I'm using beautifulsoup to try and locate a P tag in an xml parse tree based on its contents:
# Import required modules.
from datetime import date
import requests
from bs4 import BeautifulSoup
# Determine today's date.
today = date.today()
# Define the URL to be scraped.
url = f"https://www.ecfr.gov/api/versioner/v1/full/{today}/title-22.xml?chapter=I&subchapter=M&part=121§ion=121.1"
# Initialize a requests Response object.
page = requests.get(url)
# Parse the XML data with BeautifulSoup.
soup = BeautifulSoup(page.content, features="xml")
# Remove tags with irregular text.
for i in soup.find_all("P", text="(See § 125.4 of this subchapter for exemptions.) "):
print(i)
i.decompose()
When running this code, I receive a NoneType object (prints None to the console) even though I know the element exists by reviewing the XML file (including the trailing nbsp). Does beautiful soup have a problem with Unicode, or am I missing something else?
Thanks!
CodePudding user response:
Main issue is that text="(See § 125.4 of this subchapter for exemptions.) "

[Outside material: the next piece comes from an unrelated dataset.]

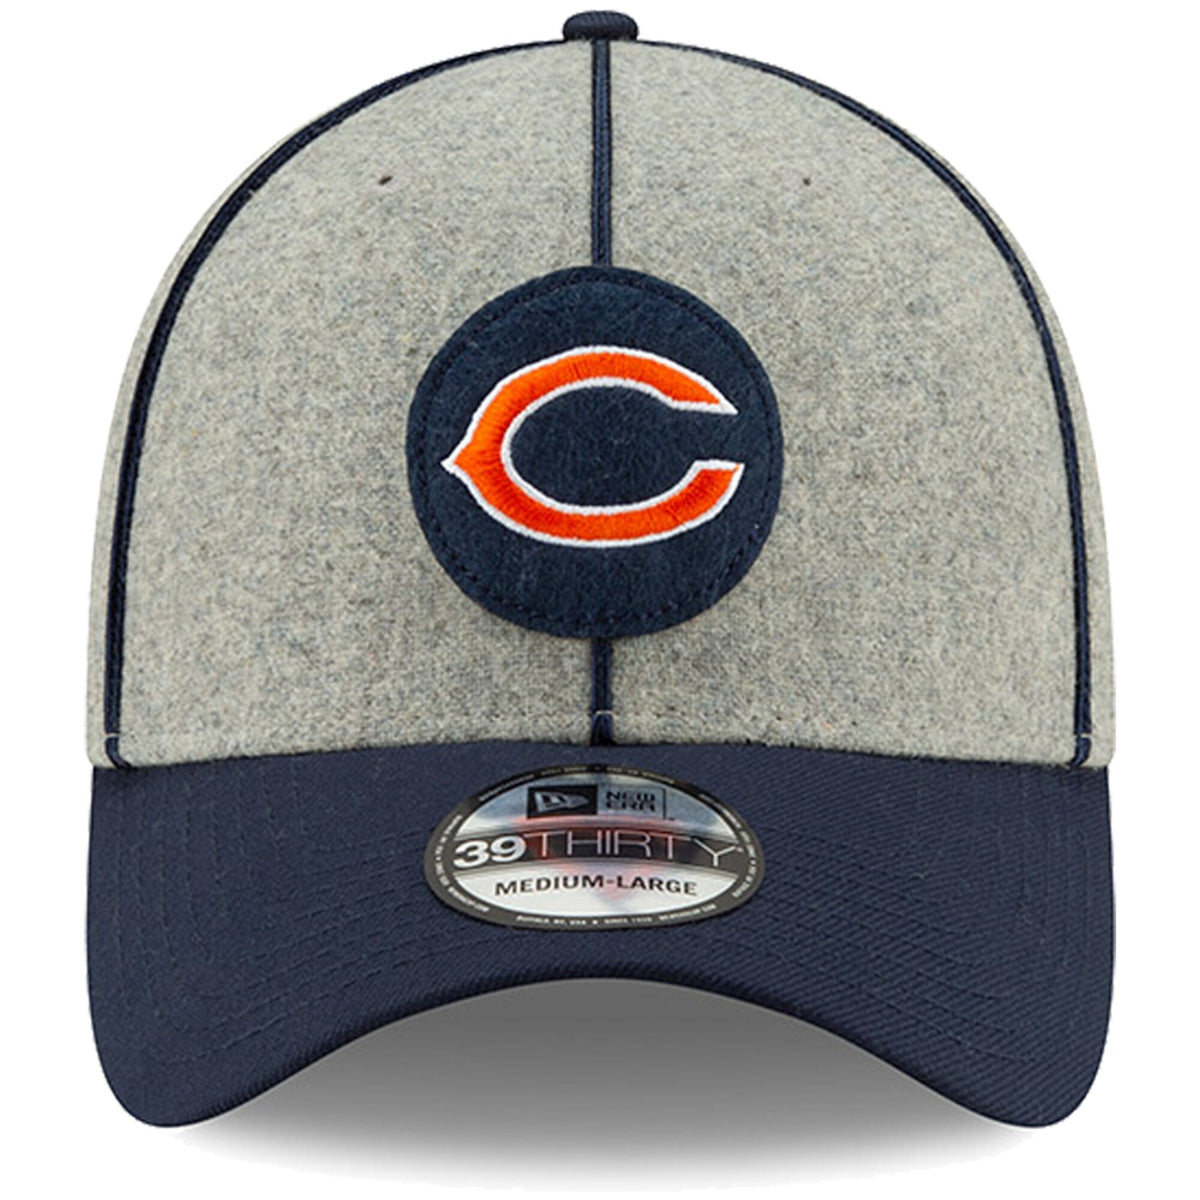 Men's New Era Gray Chicago Bears Color Pack 59FIFTY Fitted Hat

looks for an exact match, but wont find one, cause in your xml it looks like (<I>See</I> § 125.4 of this subchapter for exemptions.)
.
You could fix that behavior using css selectors
and :-soup-contains()
:
for i in soup.select('P:-soup-contains("See § 125.4 of this subchapter for exemptions.")'):
print(i)
i.decompose()
Example
from datetime import date
import requests
from bs4 import BeautifulSoup
# Determine today's date.
today = date.today()
# Define the URL to be scraped.
url = f"https://www.ecfr.gov/api/versioner/v1/full/{today}/title-22.xml?chapter=I&subchapter=M&part=121§ion=121.1"
# Initialize a requests Response object.
page = requests.get(url)
# Parse the XML data with BeautifulSoup.
soup = BeautifulSoup(page.content, features="xml")
# Remove tags with irregular text.
for i in soup.select('P:-soup-contains("See § 125.4 of this subchapter for exemptions.")'):
print(i)
i.decompose()